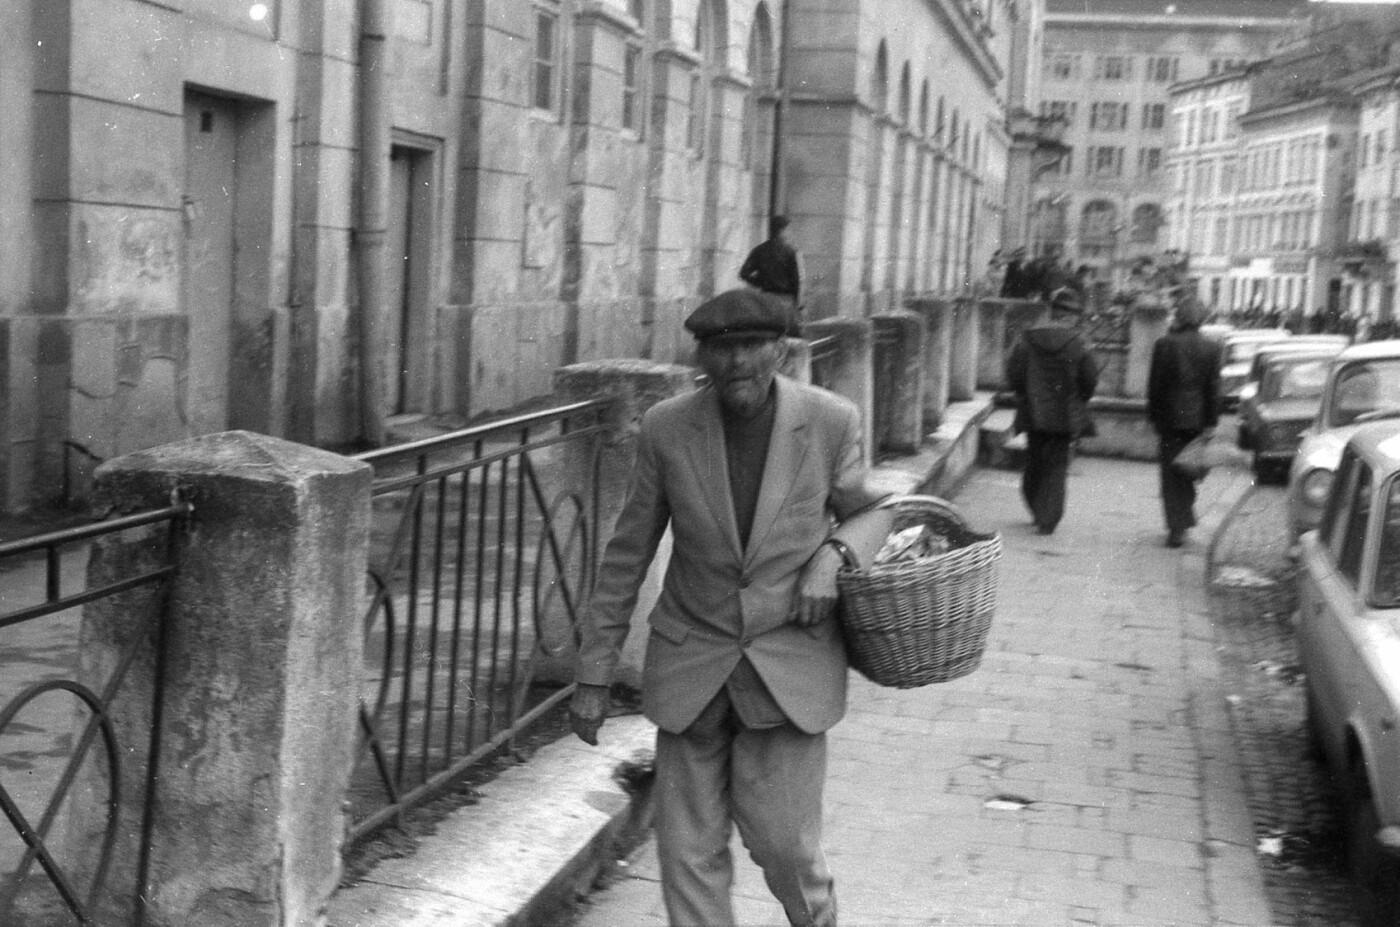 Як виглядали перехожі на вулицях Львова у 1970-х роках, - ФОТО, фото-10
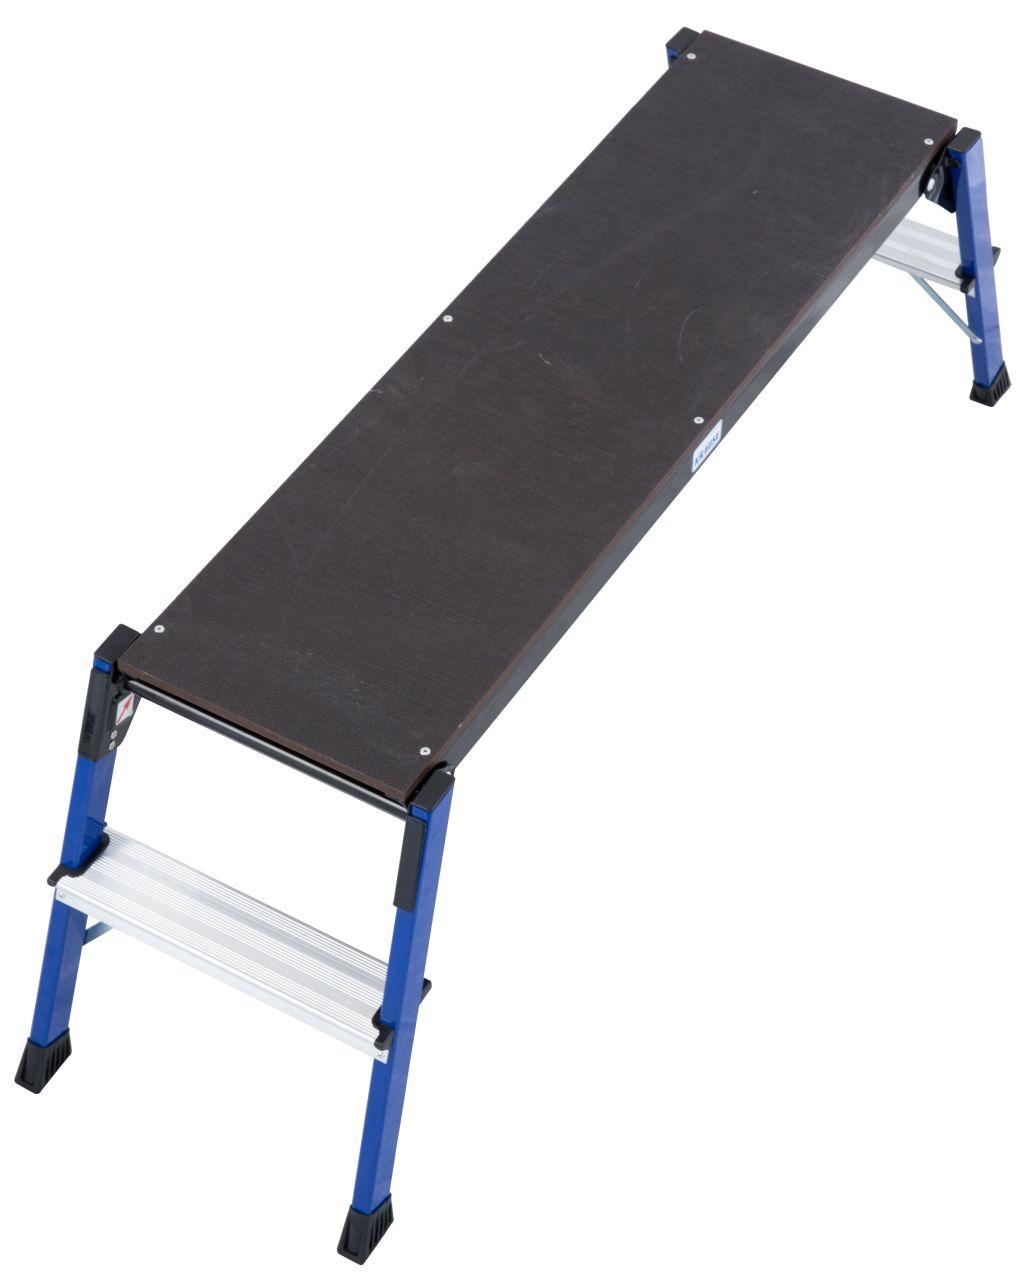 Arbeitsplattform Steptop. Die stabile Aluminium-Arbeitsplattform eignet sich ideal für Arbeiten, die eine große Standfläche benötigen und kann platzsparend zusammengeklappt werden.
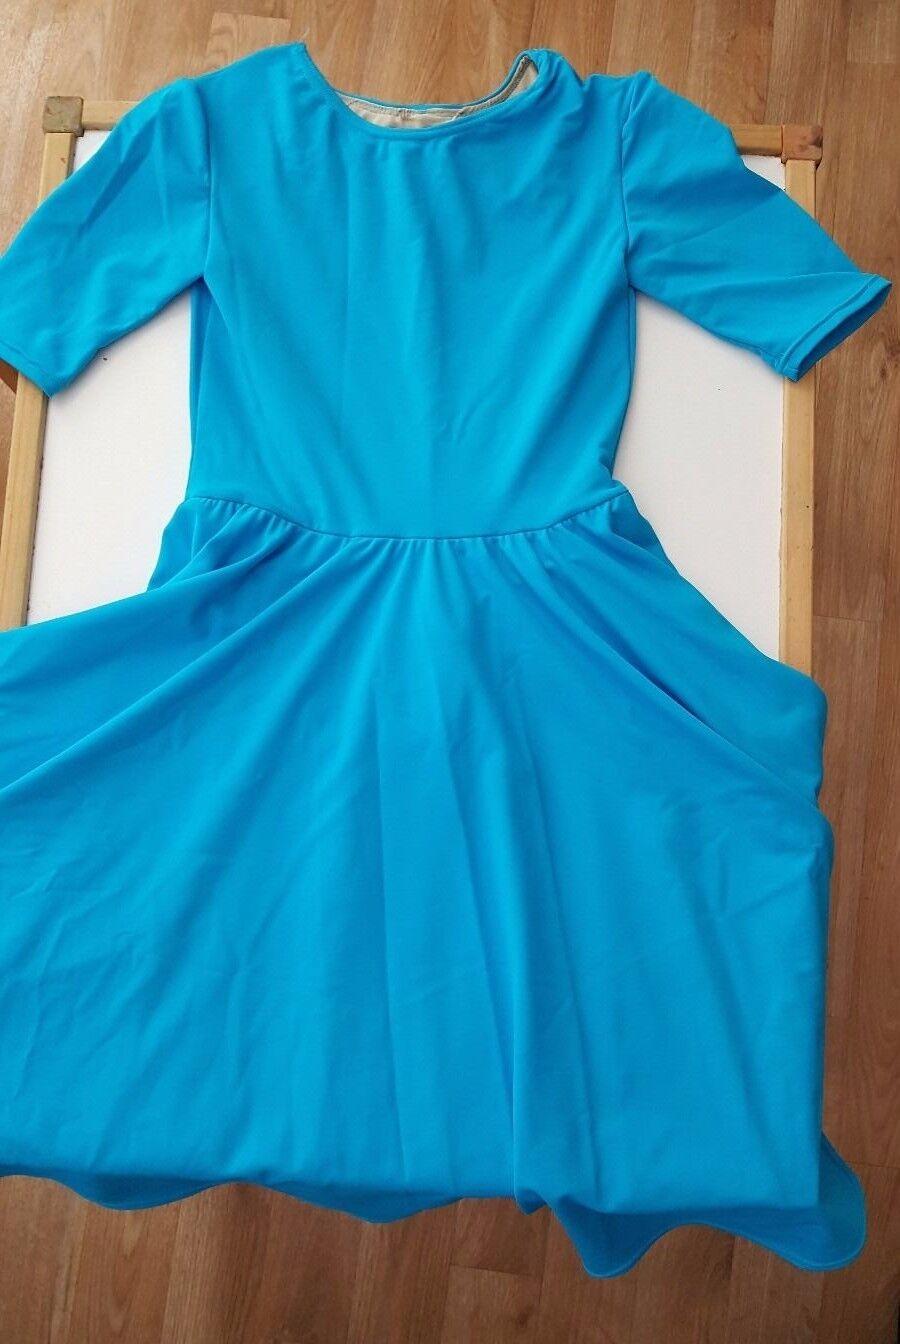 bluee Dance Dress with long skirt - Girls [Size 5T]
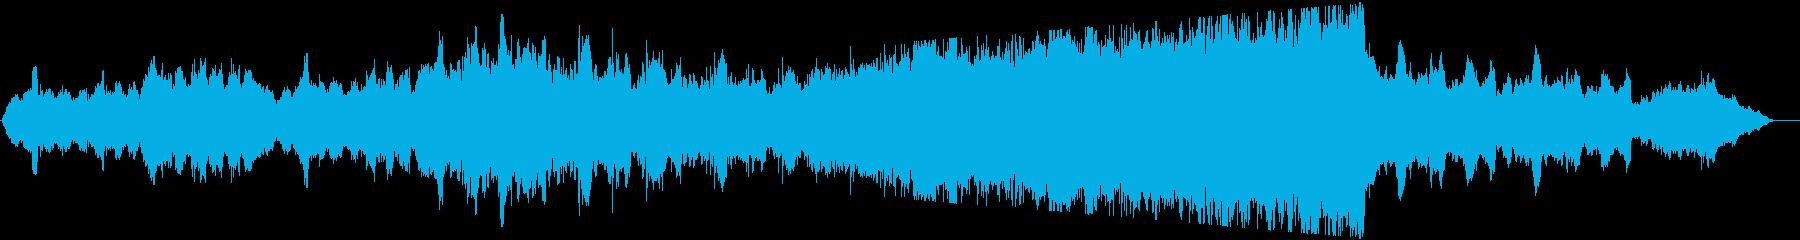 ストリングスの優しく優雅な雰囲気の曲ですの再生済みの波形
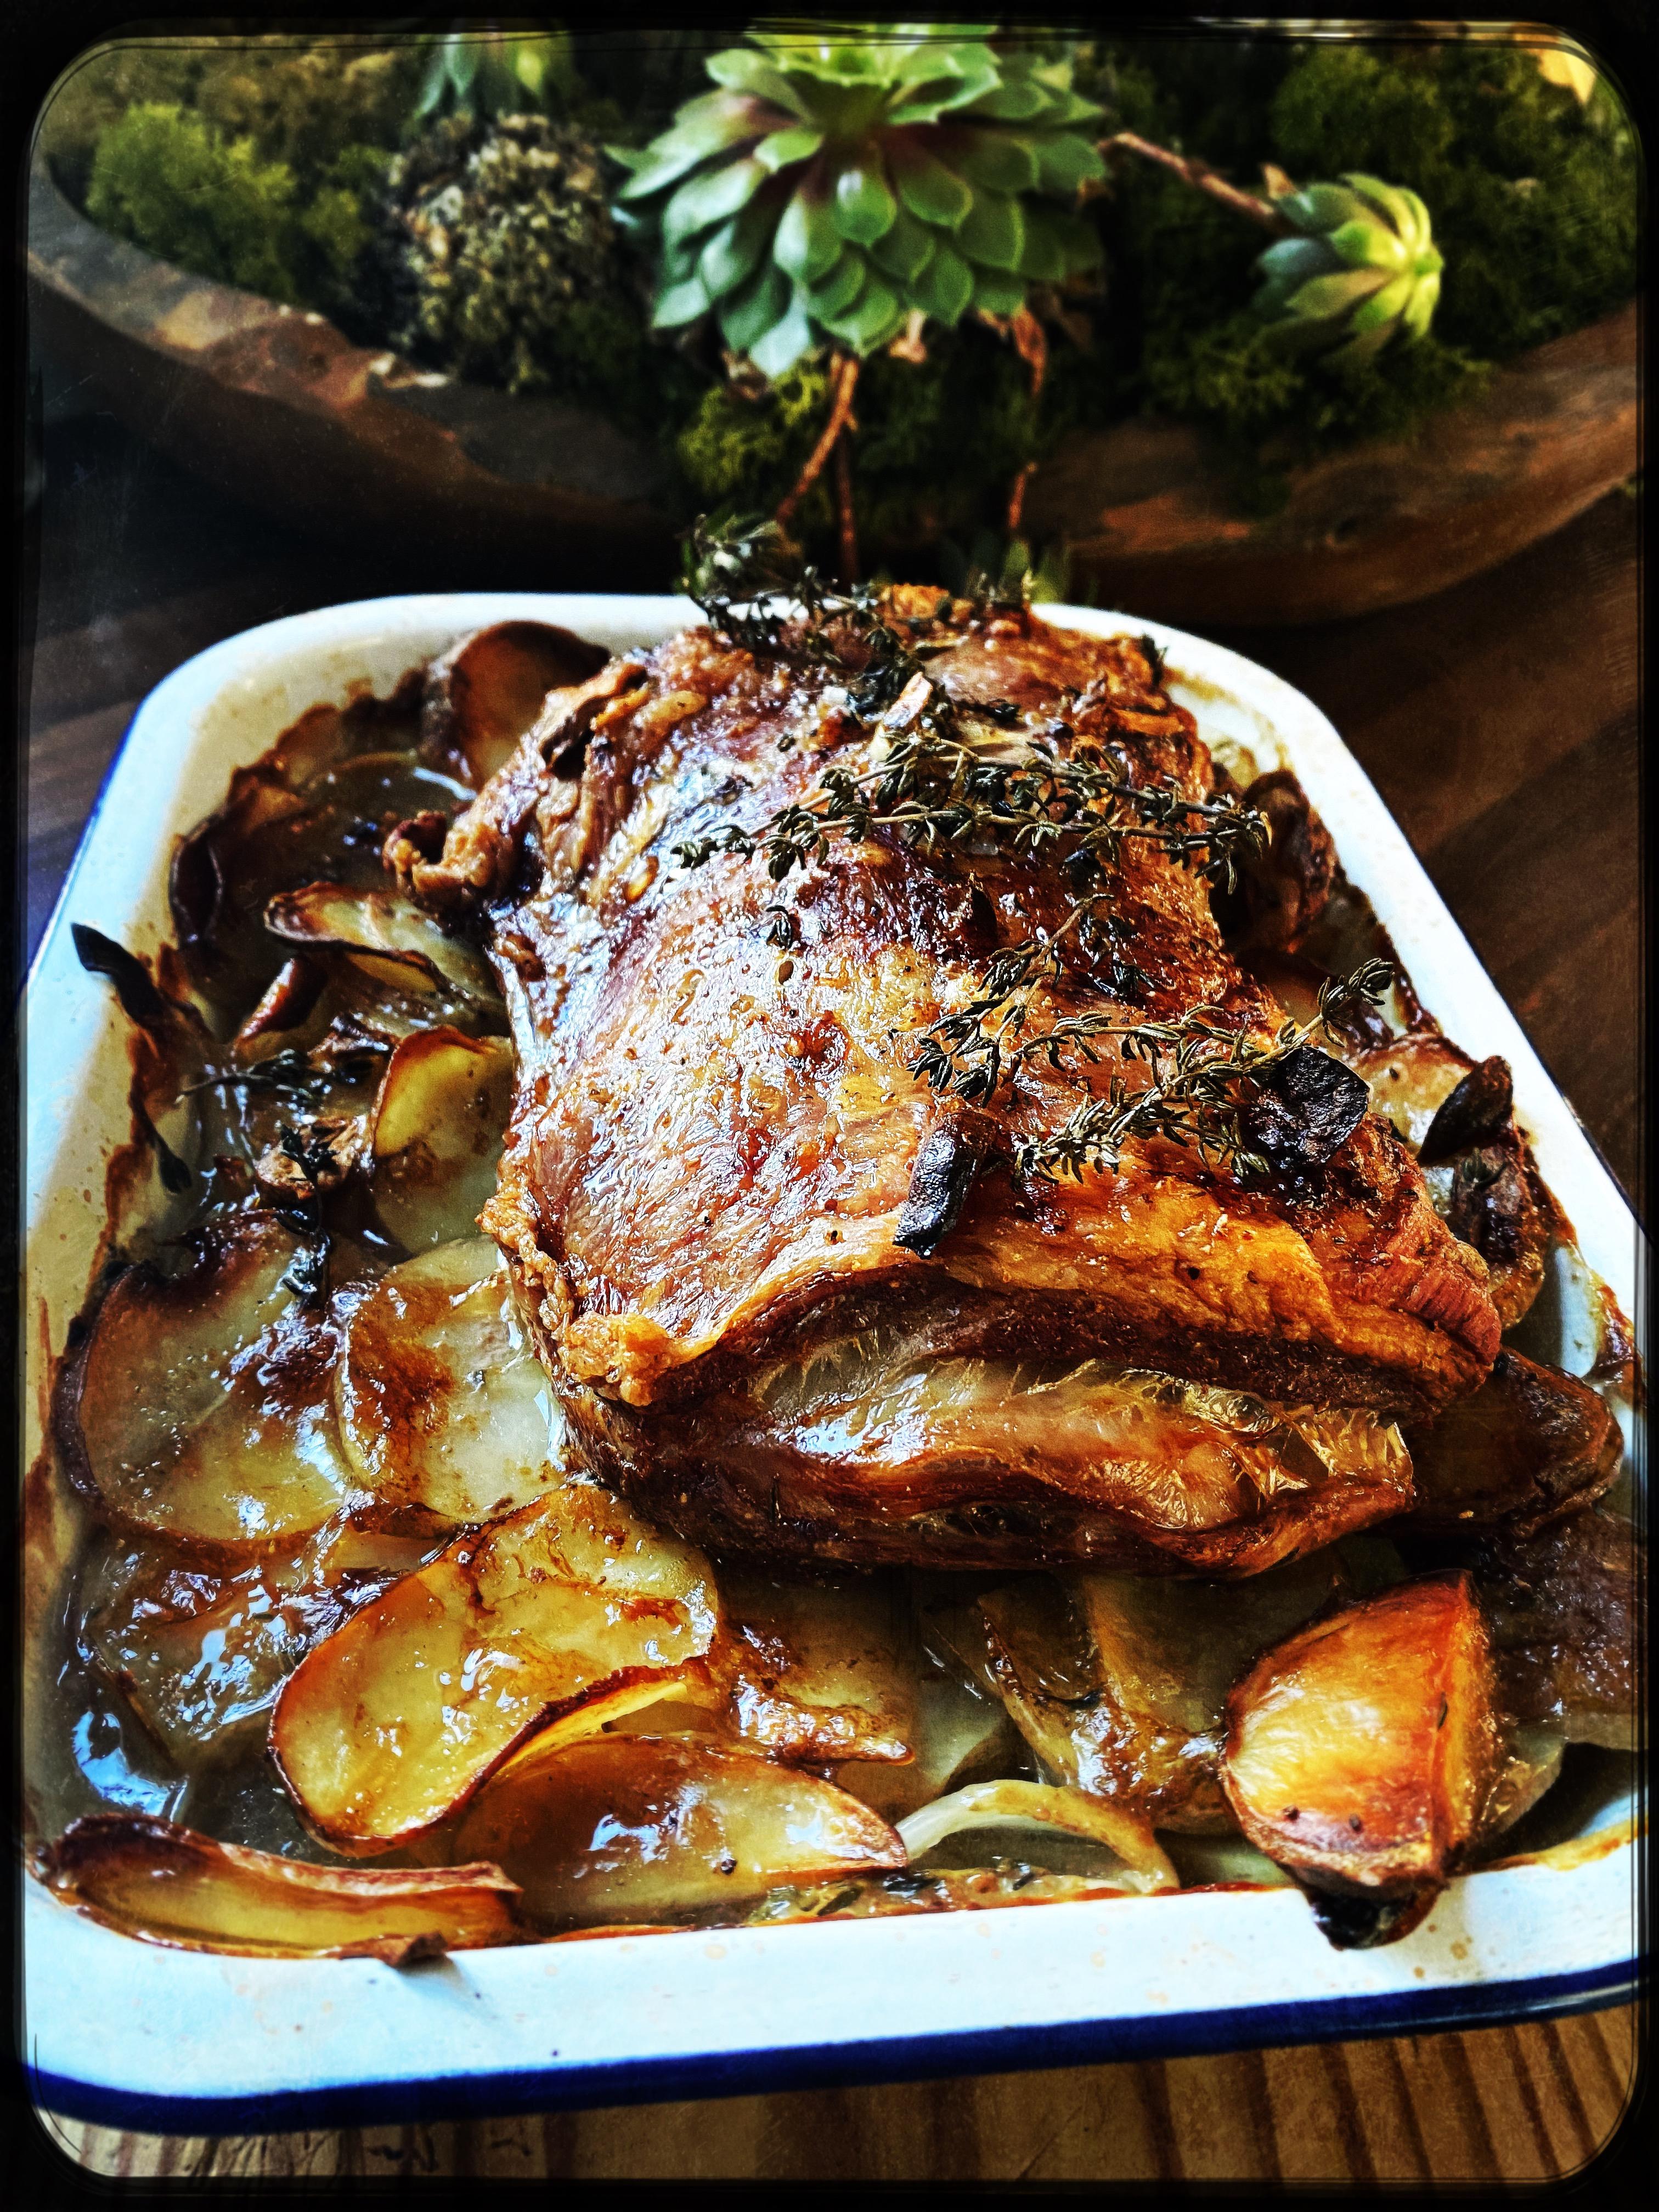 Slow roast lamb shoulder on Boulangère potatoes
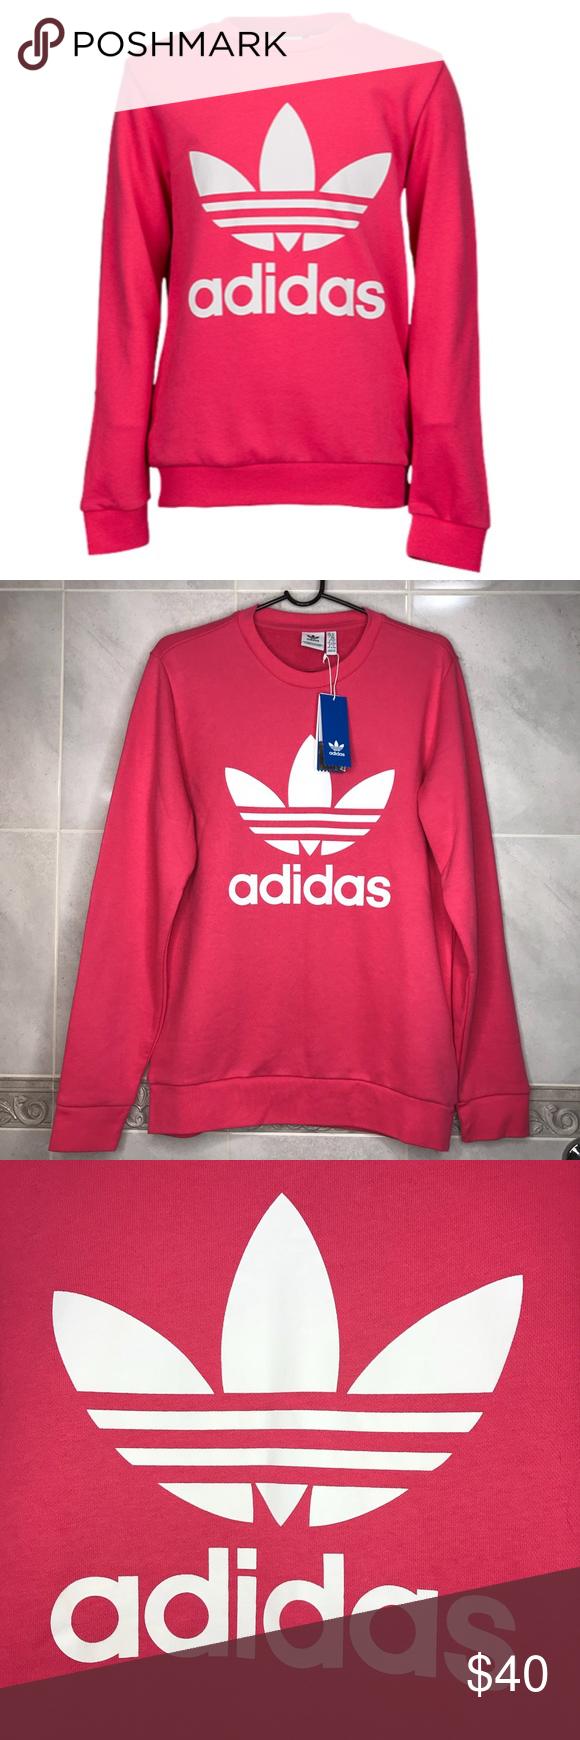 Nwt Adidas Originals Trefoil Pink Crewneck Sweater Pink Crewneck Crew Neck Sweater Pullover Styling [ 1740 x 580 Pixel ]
+++
### What to work on
Using the listing above, copy exactly the lines from the one that contains "Slow roast lamb" through its last line, both included, but not the pictures.

### Written reply
 Slow roast lamb shoulder on Boulangère potatoes
 Nwt Adidas Originals Trefoil Pink Crewneck Sweater Pink Crewneck Crew Neck Sweater Pullover Styling [ 1740 x 580 Pixel ]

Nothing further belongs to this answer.